Jake Gyllenhaal’s limited series Presumed Innocent is dropping on AppleTV+ on June 12 instead of June 14 as originally planned. The star, whose Road House reboot has brought mixed reviews on Amazon Prime, is embracing the small screen for the first time since his appearance on Homicide: Life on the Street in 1994.

Jake Gyllenhaal’s in ‘Presumed Innocent’

Presumed Innocent is being produced by David E. Kelley, J.J. Abrams’ Bad Robot, and Warner Bros. It is an adaptation of Scott Turow’s 1990 film in which Harrison Ford plays a lawyer doing double duty as an investigator looking for the murderer of his colleague.

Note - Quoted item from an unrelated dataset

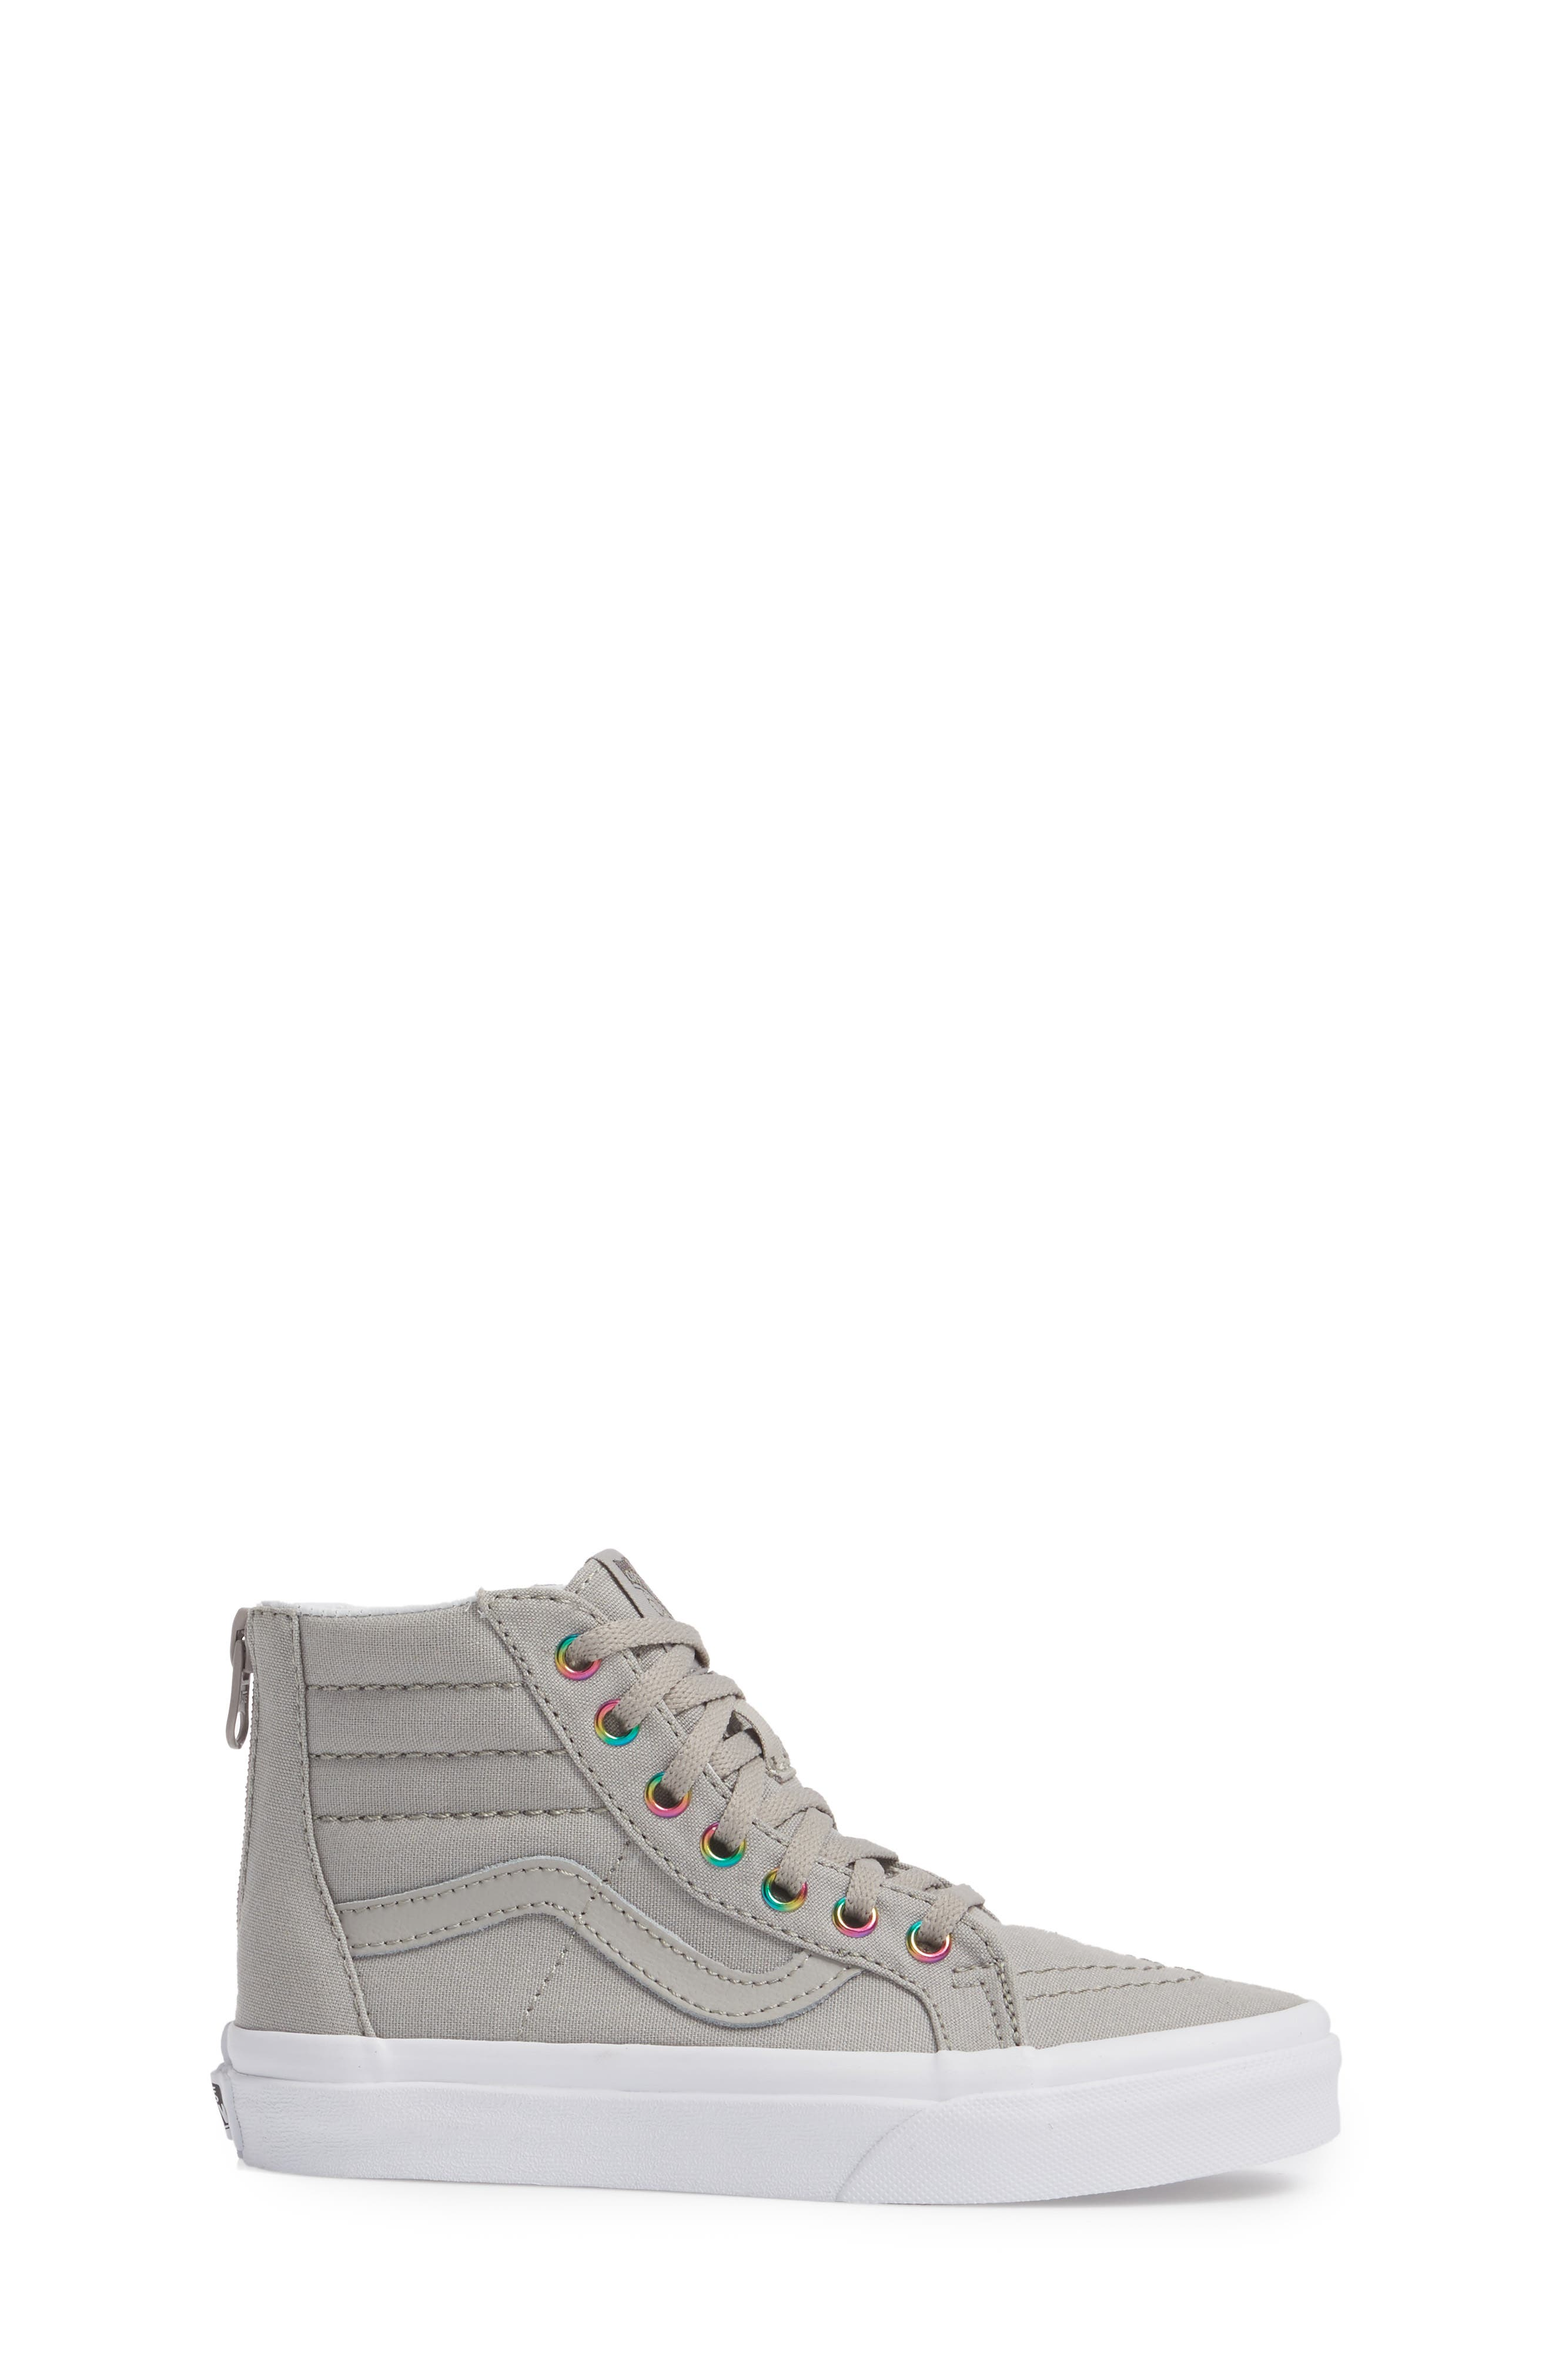 Sk8-Hi Zip High Top Sneaker,                             Alternate thumbnail 3, color,                             Rainbow Eyelet Drizzle

These types of sexy thrillers were popular in the ’90s and usually contained twist endings. Here’s the trailer for the original:

According to Deadline, Presumed Innocent doesn’t stray far from the source material: “…the Presumed Innocent series will explore obsession, sex, politics and the power and limits of love as the accused fights to hold his family and marriage together.”

Up next for Gyllenhaal is the Guy Ritchie action movie titled In the Grey scheduled for release in January 2025.

Presumed Innocent is an eight-episode limited series set to stream on AppleTV+ starting June 12.